Ses plus anciens et plus profonds démons refont surface. Elle la sent comme la dernière fois. Elle ne comprend pas pourquoi. Elle n'a rien pris depuis trois jours. Elena ne veut pas qu'elle vienne. Elle ne veut pas dire certaine chose devant Jo. Elle n'est pas prête à assumer certaines choses.

Elena veut rester dans le déni. C'est bien plus sécurisant, n'est-ce pas ? Et puis comme dirait Damon, les règles sont faites pour être transgresser. Les prophéties ont été surement donc écrites pour pouvoir changer le destin. Ouais, Elena laisse quelques larmes couler, renifle. Ils l'ont déjà fait.

-Hé ! Elena entend Josette attirer son attention. Expire, d'accord. Essaye de reprendre ta respiration. Au bout de quelques minutes où son corps ne tremble presque plus, Josette lui dit avec regret. J'aurais dû t'écouter. Tu n'étais pas prête à apprendre quoique ce soit sur la prophétie et quel impacte elle aurait sur toi. J'ai été stupide ! Jo frotte ces propres joues rougies plusieurs fois. Tu avais tellement de projets et rien de tout cela n'est réalisable. Lena. Jo se lève et réessaye de la toucher, mais Elena l'évite. Elena, s'il te plait. Elle veut attraper son poignet, Elena recule brusquement et méchamment.

-Ok ! Jo replace ces mains le long de son corps puis expire. Je te demande juste de m'écouter. Mais, elle ne peut pas entendre plus. C'est au-dessus de ses forces et ce même si, elle est consciente que Jo fait la bonne chose. Celle qui elle est, refuse d'être contente que Jo est allée à l'encontre de son choix. Non, elle veut hurler pour qu'on la laisse en paix et être heureuse. Pourtant ses lèvres bougent toutes seules, même ses autres membres.

-Non répond-elle en essuyant son nez avec son poignet. Je devais l'entendre. Ça me réconforte un peu de savoir que Damon n'est pas responsable de ma vie merdique.

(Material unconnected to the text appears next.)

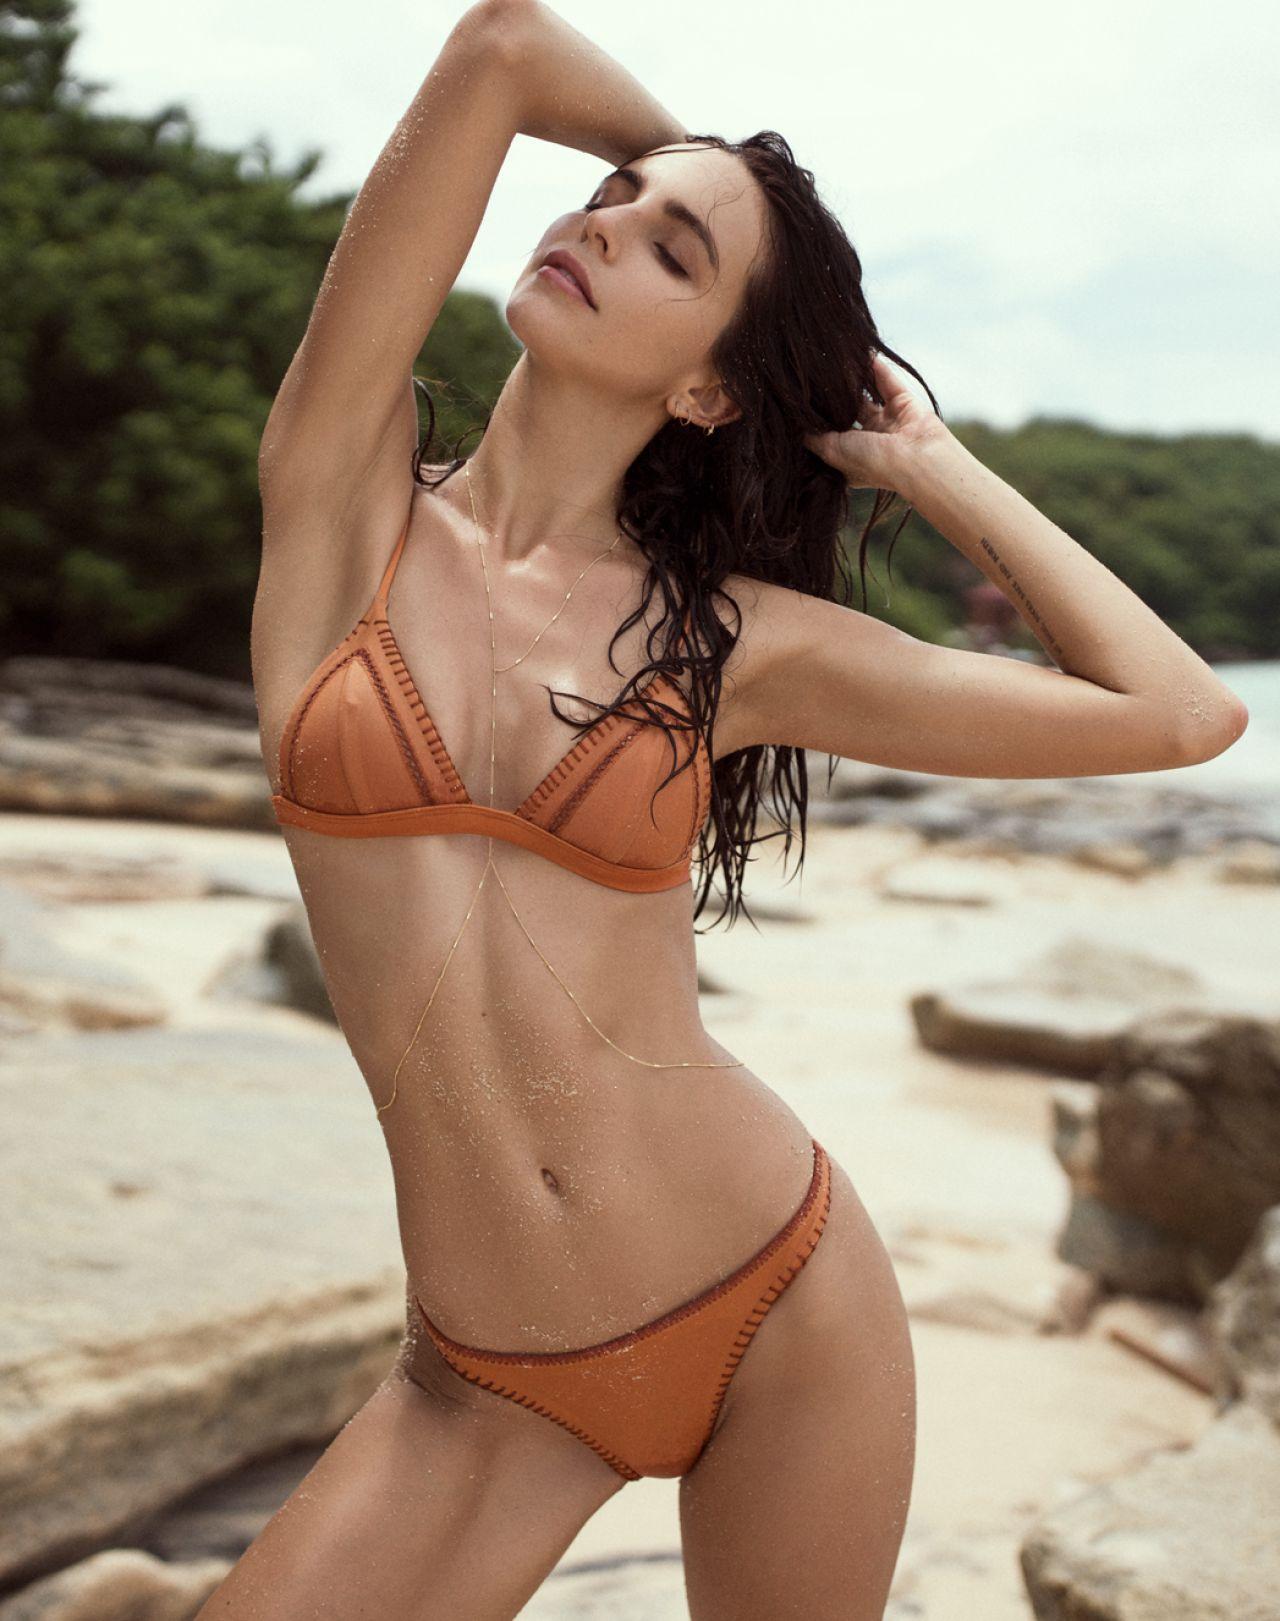 Bikini Amanda Pizziconi naked (16 photo), Hot

Une nouvelle vague de larmes lui monte aux yeux au même moment qu'une crise de rire.

-Non-Non, je dis n'importe quoi, explose-t-elle en essayant de reprendre le contrôle, en vain. Combien même il n'est pas le seul à avoir déchirer mon avenir brillant, il a été néfaste pour mon équilibre.

Jo fronce les sourcils.

-Tu te demandes, pourquoi Jo. Eh bien, il est la raison pour laquelle j'étais sur cette route. Je n'aurais jamais dû revenir à Mystic-Falls, découvrir qu'il avait vraiment tourner la page en s'installant avec ma meilleure amie sorcière. Qui sait si j'aurais gagné du temps juste pour avoir un enfant, porter mon enfant ! Je suis putain en colère d'avoir gaspiller mon temps, ma vie humaine pour quelqu'un avec qui je n'étais pas destiner à être. Elena se lève en faisant un bon en avant et expulse en hurlant : NON !

-Quoi ? Jo se lève aussi ne comprenant plus rien. Qu'est-ce qu'il se passe Elena. Tu commences vraiment à me faire peur. Elena le sait. Elle a peur d'elle-même, sa tête, ses émotions déraillent. Elle se sent comme dans un mauvais trip ou un vieux train hanté.

-Non, je ne voulais pas dire ça. Je ne me souci pas de la prophétie. J'ai la magie pour moi. Damon et moi avons toujours tout contourner alors pourquoi pas ça. Je refuse cette putain de prophétie. Je me battrais contre tout même contre moi-même pour donner du sens à tout ça. Je veux Damon.

-Hé Hé cris Jo très inquiète tandis qu'elle a pu enfin rentrée dans son espace personnelle. Elena regarde Jo la prendre dans ces bras et fixer ses yeux comme si elle l'examine. Dis-moi combien as-tu pris de joins aujourd'hui ?

-Aucun

-Impossible, Tu présentes tous les signes de quelqu'un d'élevé. Mer-de ! C'est tellement plus grave que je le pensais. Tu dois arrêter de consommer cette cochonnerie. Elena regarde Jo passer ses doigts dans ces longs cheveux châtains. Tu dois… Lena. Elle joint ses deux mains en signe de prière contre ses lèvres. Tu ne me donnes pas le choix. Remets-moi toutes tes réserves. Vas-y ! Il faut que je regarde ce que tu fumes, parce que rien de ce que tu dis n'a de sens.

-NON

-Elena.

-J'ai dit non ! s'écrit la brune aux yeux de Biche en se rapprochant de Josette dangereusement. Rapidement, elle encercle ces poignées avec ses mains, l'air totalement désespéré prête à tout pour qu'elle la croit. Je n'ai rien pris depuis des jours ! Ce n'est rien d'accord. Les nouvelles sont terribles et quelques soit les chemins que j'aurai pris finalement ma vie suce quand même. Laisse-moi juste l'espace de tout encaisser !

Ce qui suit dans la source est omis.